Lenin fasst den Übergang vom Kolonialismus zum Imperialismus 1916 als "die Besitzergreifung der Rohstoffquellen durch die Trusts und die Finanzoligarchie (Finanzkapital ist das mit dem Bankkapital verschmolzene monopolistische Industriekapital); die (ökonomische) Aufteilung der Welt durch internationale Kartelle hat begonnen. (…) Der Kapitalexport, als besonders charakteristische Erscheinung zum Unterschied vom Warenexport im nicht-monopolistischen Kapitalismus, steht in engem Zusammenhang mit der wirtschaftlichen und der politisch-territorialen Aufteilung der Welt; die territoriale Aufteilung der Welt (Kolonien) ist abgeschlossen." zusammen. So sichern die Regierungen den großen Banken und Konzernen ihre Einflusssphären und Absatzmärkte, achten auf billige Rohstoffquellen, niedrige Löhne und korrupte Regierungen, die sozialen Protest und politische Organisierung unterdrücken und so für Wettbewerbsvorteile und größtmögliche Profite sorgen. Wer Widerstand leistet, bezahlt dafür nicht selten mit dem Leben. Viele Menschen sehen in der Flucht den letzten Ausweg aus der Misere.

Internationale Organisationen wie WTO, IWF und Weltbank (beides Sonderorganisationen der UNO) sorgen durch Schuldenfalle und aufgezwungene Monstersparpakete für eine Aufrechterhaltung des Abhängigkeitsverhältnisses. Die UNO dient als humanitäre Maske, mit deren Hilfe dem politischem Druck, Wirtschaftssanktionen und Kriegen seitens des Imperialismus ein menschliches Antlitz verpasst werden soll. Auch österreichische Unternehmen und (Ex-)PolitikerInnen sind führend an dieser Form des Wirtschaftens beteiligt. So pflegt(e) beispielsweise die OMV enge Kontakte zum Gaddafi-Regime sowie zum Iran. Ex-Kanzler Gusenbauer ist seit 2010 Berater des kasachischen Diktators Nasarbajew. Österreichs KapitalistInnen und PolitikerInnen haben direkten Anteil an den Fluchtursachen in den betreffenden Ländern. Sie haben Interesse an einer “Stabilisierung” in Mali, um die Rohstoffvorkommen zu sichern.

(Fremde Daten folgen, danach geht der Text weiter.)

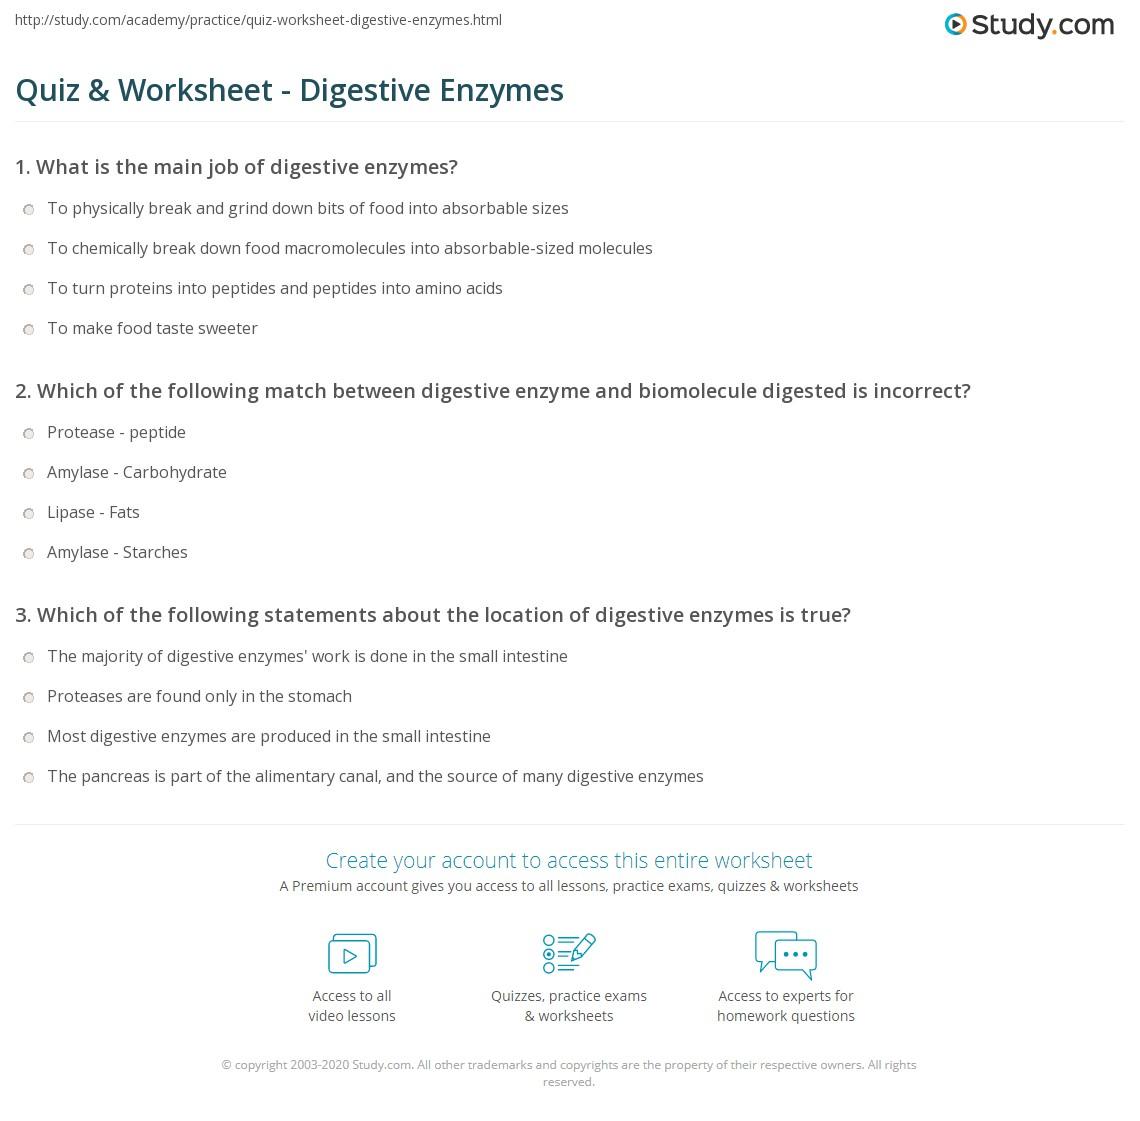 Quiz & Worksheet - Digestive Enzymes | Study.com

Sie profitieren von den Landenteignungen in Indien, die wieder ein Grund für Flucht und Armut in der Region sind.

Daher scheitern auch alle Lösungsansätze, die Armut als regionales oder kulturelles Problem betrachten. Auch durch den Kauf von „Fair Trade“-Produkten oder Verzicht können „wir hier im Norden“ die Not im „Süden“ nicht lindern. Es ist nicht „unser“ Wunsch (bzw. unsere Notwendigkeit) nach billigen Konsumgütern, der die Löhne in Pakistan drückt, sondern ein kapitalistisches Wirtschaftssystem, das die Ware Arbeitskraft überall ausbeutet. Es sind also die Flüchtlinge ebensowenig schuld an der miesen Lage in ihren Herkunftsländern wie die ArbeiterInnenklasse in den entwickelten kapitalistischen Ländern schuld daran ist. Das System Kapitalismus ist die Ursache – und zwar weltweit!